How I am dealing with "The Bible says you have to go to all the meetings!!"

by Check_Your_Premises 30 Replies latest jw experiences

  • Ingenuous
    Ingenuous

    CYP, nice summary.

    Going to the Bible itself is oh-so-important. My Dad accused me of adding words to a scripture when we were discussing a point of JW doctrine. He was basing his accusation on what the literature had told him the scripture said. I found a Bible and - Well, lookey here! - it said exactly what I'd told him it did. (I admit, I dumped the 'good girl' routine for the first time in my life and really enjoyed that little dig )

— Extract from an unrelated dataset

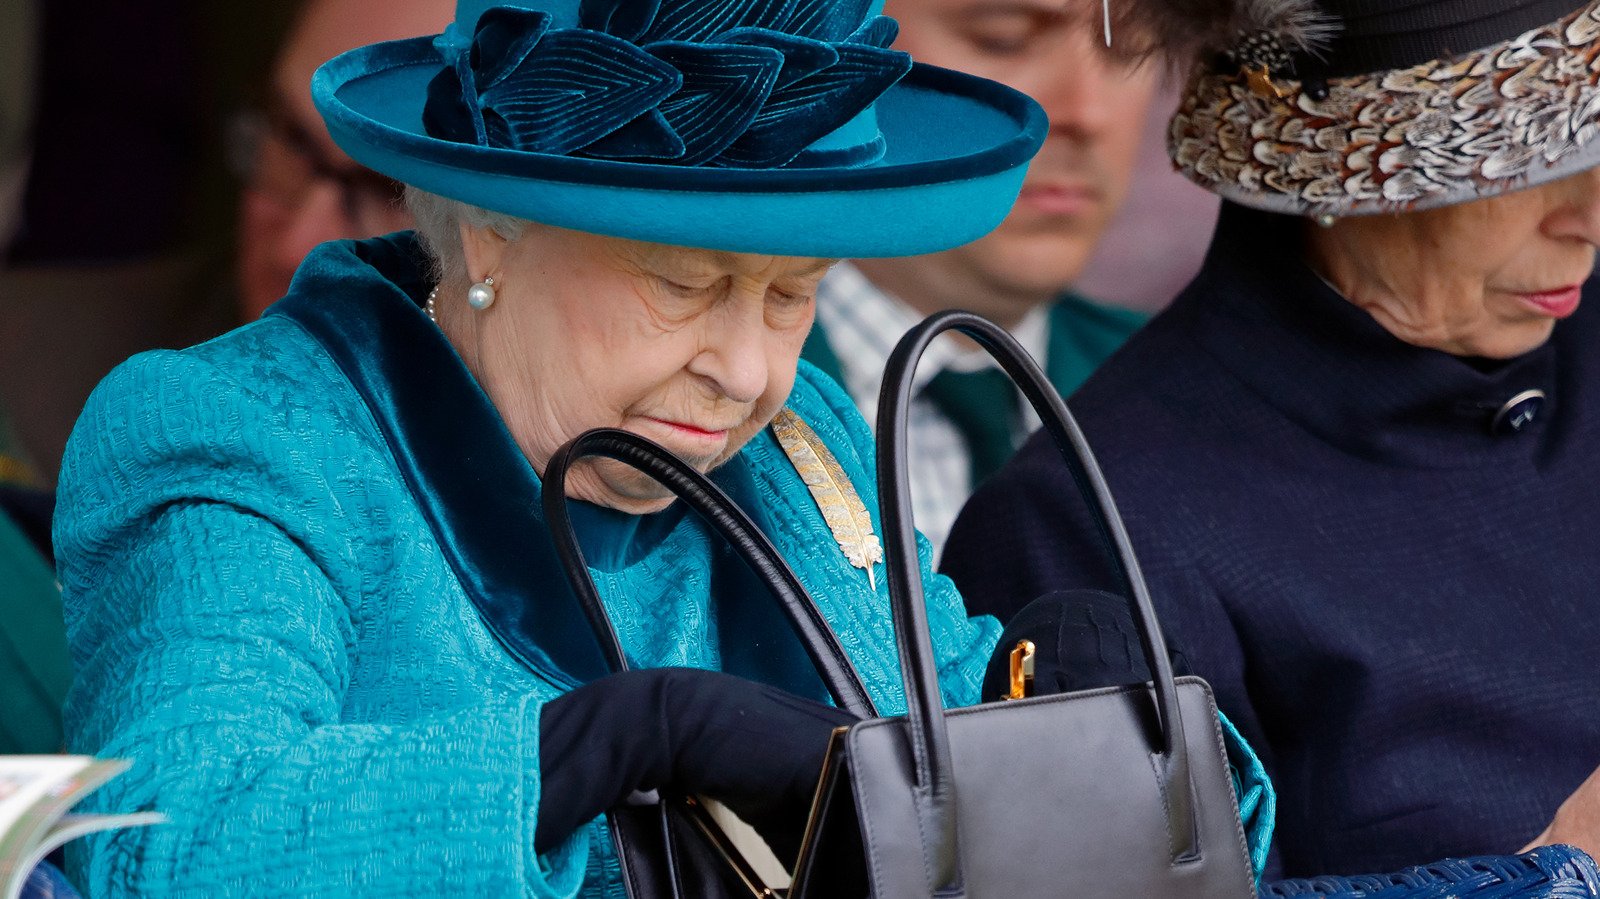 Can Helen Mirren Make the Queen's Handbag Famous?

    M.J. also has a good point, maybe something for you to consider later: a discussion about where in the Bible it says we have to obey the rules and regulations of a particular organization to gain God's approval and salvation? Again, it's a matter of finding actual scriptures in context. When you read scriptures like Galatians 3 - talking about obeying man-made "law" as well as Mosaic "Law" - it becomes clear that the actual scriptures and their context are damaging to much JW dogma.

  • AlanF
    AlanF

    CYP:

    I agree with other posters that you're not going to get very far with this. Not because your arguments aren't good -- they are! But because the indoctrination of the cult causes extreme braindeadness in the cult followers.

    So to really get anywhere with your family, you need a completely different approach. It's liable to be a long road, just as it took several years for the indoctrination to fully take hold. Where you go down this road depends on your overall outlook on religion. Are you a Christian or not? Etc. etc. etc.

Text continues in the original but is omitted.